The process-global font cache (fonts::global_cache) deduplicates parsed fonts across PdfDocument instances, keyed by a font identity hash. Building on the cross-document hardening in #595 / #597 / #598 — which folds the /ToUnicode reference into the key and keeps canonical AAAAAA+ subset fonts out of the shared cache — this extends the key to two cases those checks don't yet reach:

  • a non-canonical subset tag such as /CIDFont+F1 (emitted by some generators) isn't recognized as a subset, so it stays eligible for cross-document sharing; and
  • PDFs produced from a common template reuse the same /ToUnicode object number, so the reference-based key is identical for two genuinely different fonts.

When both hold, two fonts that merely share a /BaseFont name collide on one key; processed back-to-back in one long-lived process, a later document is served an earlier font's parsed FontInfo and its glyphs decode through the wrong /ToUnicode — a constant-offset cipher (SUMMARY6800$5<) or control/PUA characters. Each document extracts correctly in isolation, which is the signature of process-global cache state rather than a per-file parse issue. In a long-lived process (server, batch job) this silently produces plausible-looking wrong text.

Approach

font_identity_hash_with_descendants now folds the content of a font's document-specific streams into the key, not just their references:

  • the /ToUnicode stream bytes (the decisive discriminator),
  • the embedded font-program bytes (/FontFile, /FontFile2, /FontFile3) on simple fonts and on the descendant CIDFont, and
  • the descendant /Subtype (CIDFontType0 vs CIDFontType2).
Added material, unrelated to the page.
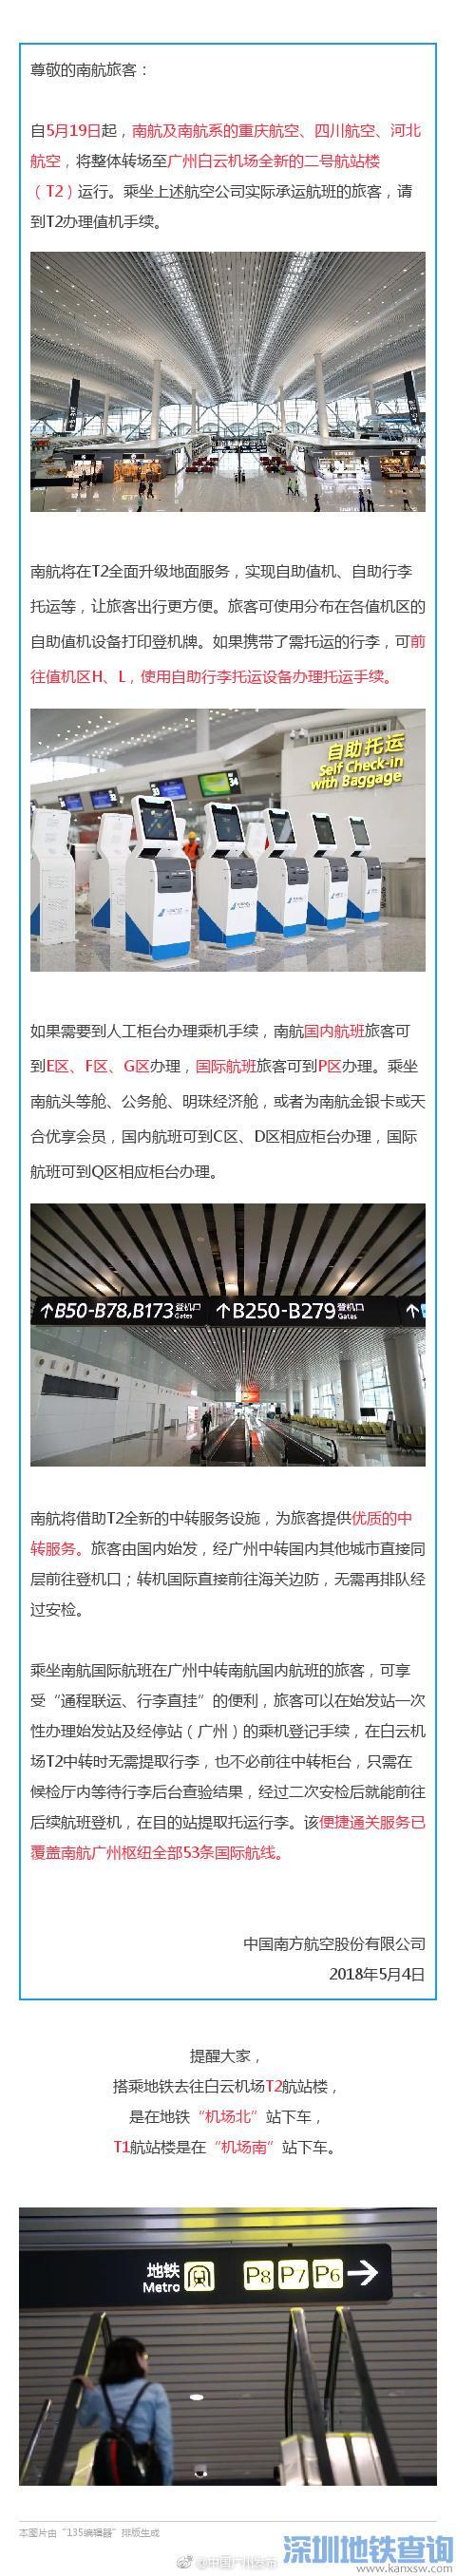 白云机场2018年5月19日起南航飞机转场至T2航站楼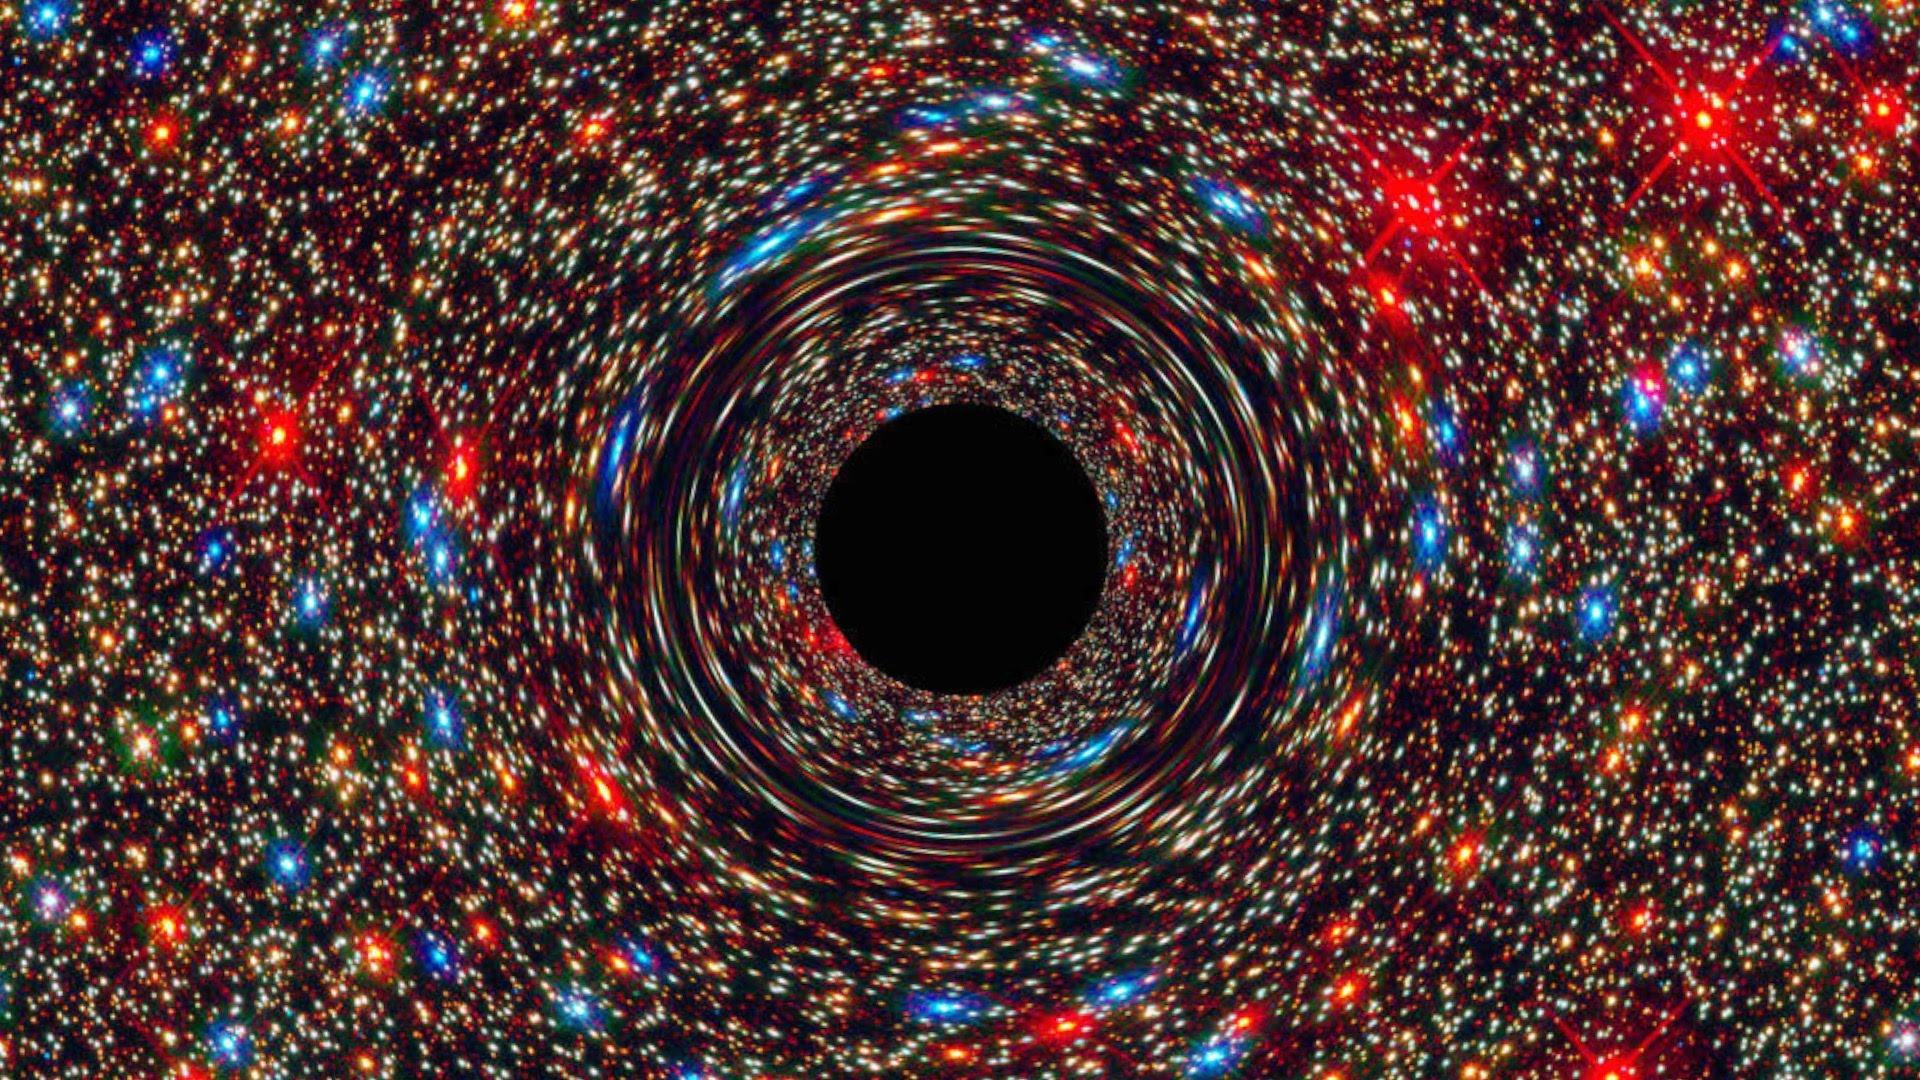 NGC 1600 - Black Hole

Same-named-but-different fonts now get distinct keys regardless of subset-tag form or object reuse, while genuinely identical fonts still deduplicate across documents — so the cache keeps its purpose and there's no throughput change. Stream bytes are folded raw (still encoded): a sufficient discriminator that never causes a false dedup and avoids inflating large font programs on the cache-key path. font_identity_hash_cheap is unchanged and still seeds the hash, so prior identity coverage is preserved bit-for-bit.

Type of Change

  • Bug fix (non-breaking change which fixes an issue)

Related Issues

Fixes #732 · Complements #595, #597, #598 (the cross-document cache hardening this builds on)

Changes Made

  • src/document.rsfont_identity_hash_with_descendants folds the /ToUnicode bytes, the embedded /FontFile{,2,3} bytes, and the descendant /Subtype; adds small helpers fold_stream_bytes / fold_font_program / resolve_indirect_for_hash. font_identity_hash_cheap is unchanged (it still seeds the hash, so prior identity coverage is preserved bit-for-bit).
  • tests/test_font_cache_cross_document.rs — in-code regression tests (hand-built Type0/CIDFontType2 PDFs, no binary fixtures): (1) several same-named fonts with different /ToUnicode, loaded back-to-back in one process, all decode correctly; (2) a byte-identical font hits the global cache (no new entry) while a font with a different /ToUnicode gets its own entry — pinning that the dedup win is preserved.
  • CHANGELOG.md[Unreleased] entry.

Testing

  • Added tests that prove the fix (they report several garbled fonts before the change, zero after).
  • All new and existing tests pass locally (cargo test --lib 5554; full cargo test green).
  • I have run cargo test --all-features (ran with default features; ml/ocr features need extra system deps locally — CI covers these).
  • I have run cargo clippy --all-targets -- -D warnings
  • I have run cargo fmt

Python Bindings (if applicable)

N/A — core Rust cache-key change, no binding API changes; the behaviour flows through to all bindings automatically.

Documentation

  • CHANGELOG.md [Unreleased]
  • Examples (not applicable)

Checklist

  • My code follows the project's coding guidelines (see CONTRIBUTING.md)
  • I have performed a self-review of my own code
  • I have commented my code, particularly in hard-to-understand areas
  • My changes generate no new warnings
  • I have checked my code and corrected any misspellings
  • The PR title follows conventional commits format

Additional Notes

The regression test builds its PDFs in memory from raw operators (per the no-binary-fixtures convention) — fully synthetic, no PII. A standalone, runnable PDF reproducer (two small PDFs + pip install "pdf_oxide==0.3.63"; python reproduce.py) is attached in a comment on #732 for convenience.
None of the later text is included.